While a preferred medium for design, a significant disadvantage of the whiteboard is that it is a passive medium: it has no facilities that purposefully support the design process. Particularly, whatever is drawn or written remains static and cannot be manipulated, other than drawing over it or erasing it. This is a less than desirable situation, because it is known that software designers often wish to manipulate a design at hand in more advanced ways than merely adding or erasing content \cite{dekel2007notation}. The whiteboard, thus, limits what they are able to do, or at least how efficient they might be at doing so.

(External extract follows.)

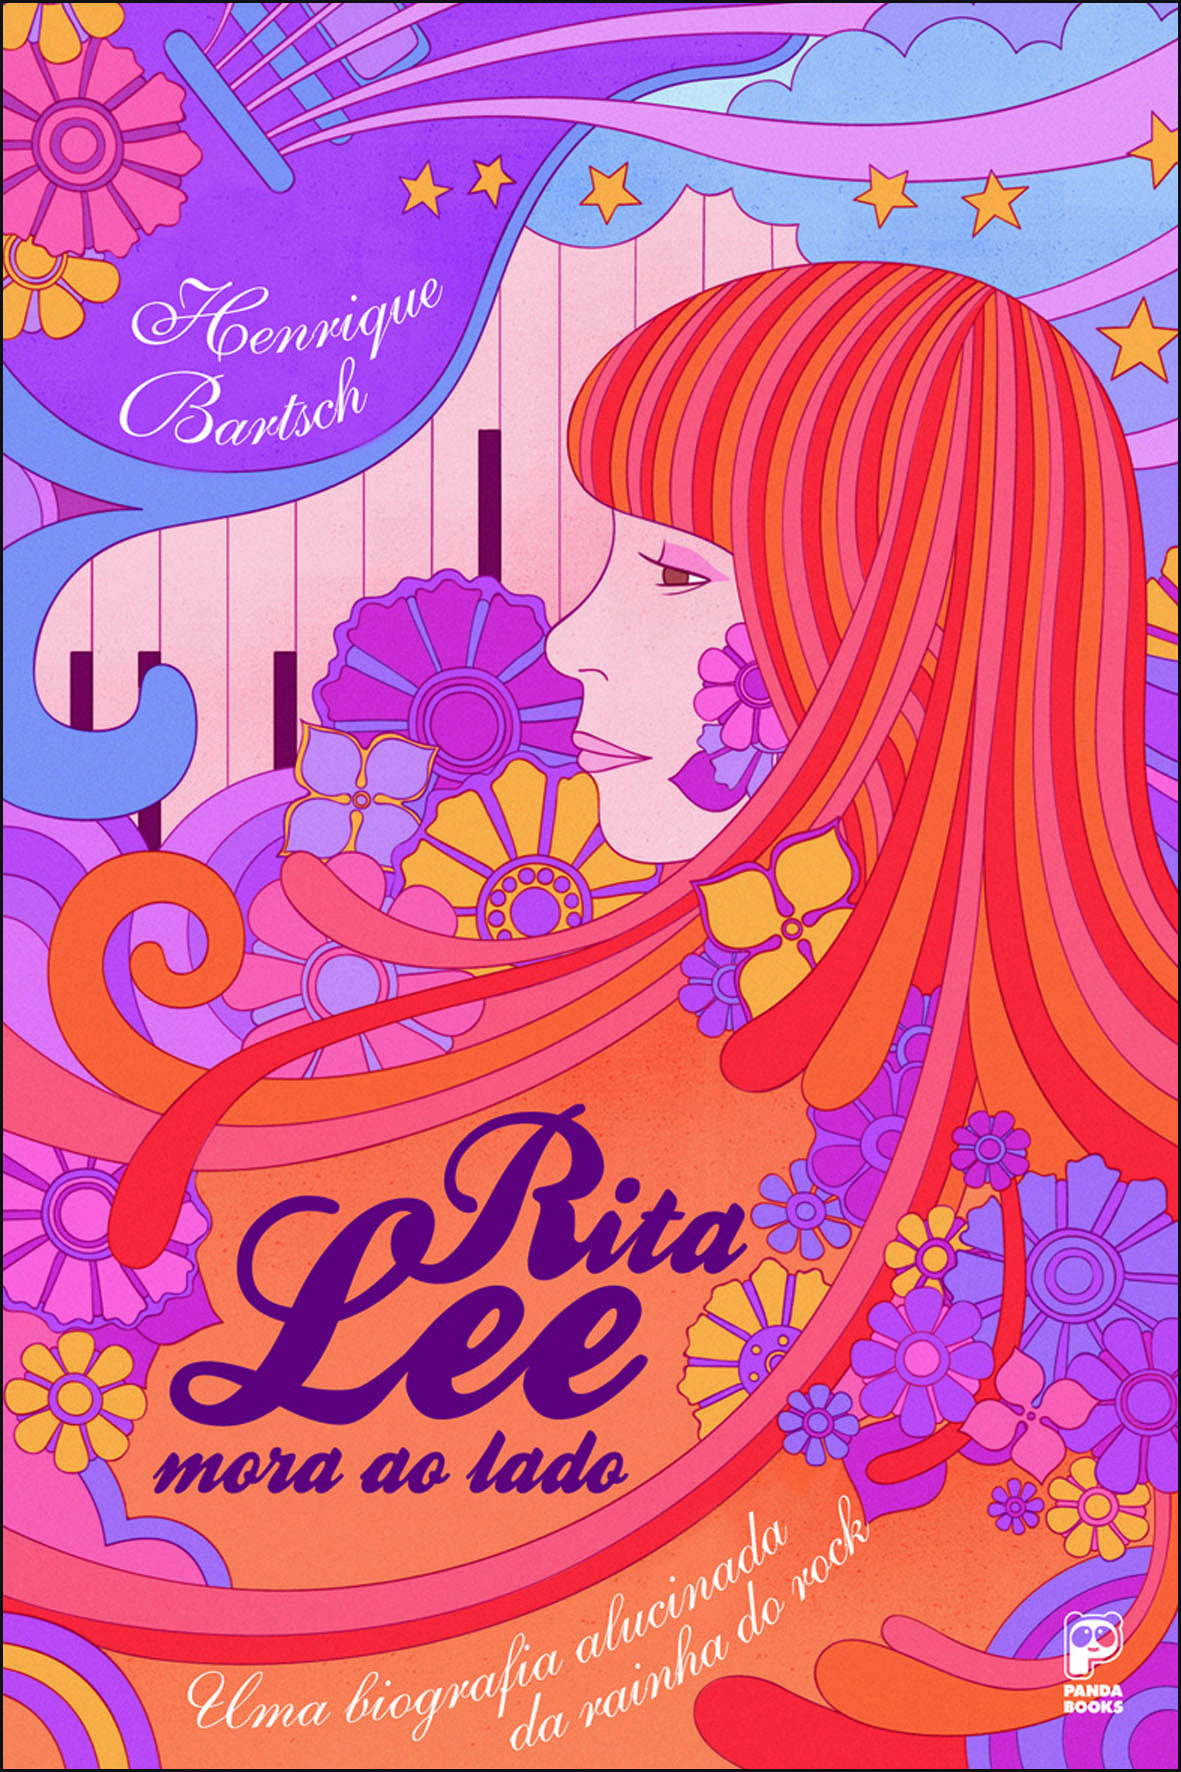 Ilustração. Capa de um livro que traz um desenho de uma mulher de cabelo longo liso ruivo, de perfil, com flores rosas e amarelas. No centro, o título da obra: “Rita Lee mora ao lado”. A imagem é colorida em tons de laranja, amarelo, rosa e lilás.

The research community has acknowledged this problem and has contributed many approaches that rely on an electronic whiteboard to provide more advanced support (e.g., \cite{chen2008sumlow, landay1995interactive, hammond2006ladder, damm2000supporting, chung2005inkkit}). This support can be divided into two broad categories: (1) approaches that focus on sketch recognition, and (2) approaches that focus on management of sketched content. Approaches in the first category, sketch recognition, attempt to interpret the strokes made by the user to turn them into formal  objects. Early work offered a predefined visual vocabulary for converting sketches into formal objects, such as UML diagrams \cite{chen2008sumlow} or user interface mockups \cite{landay1995interactive}, with tools that provided feedback to the designer based on the rules of the formal notation they support. Later work made visual vocabularies expandable by users \cite{hammond2006ladder} and made using the tools more flexible by delaying interpretation until it was desired by the user \cite{damm2000supporting}, sometimes even while retaining a sketchy appearance \cite{chung2005inkkit}.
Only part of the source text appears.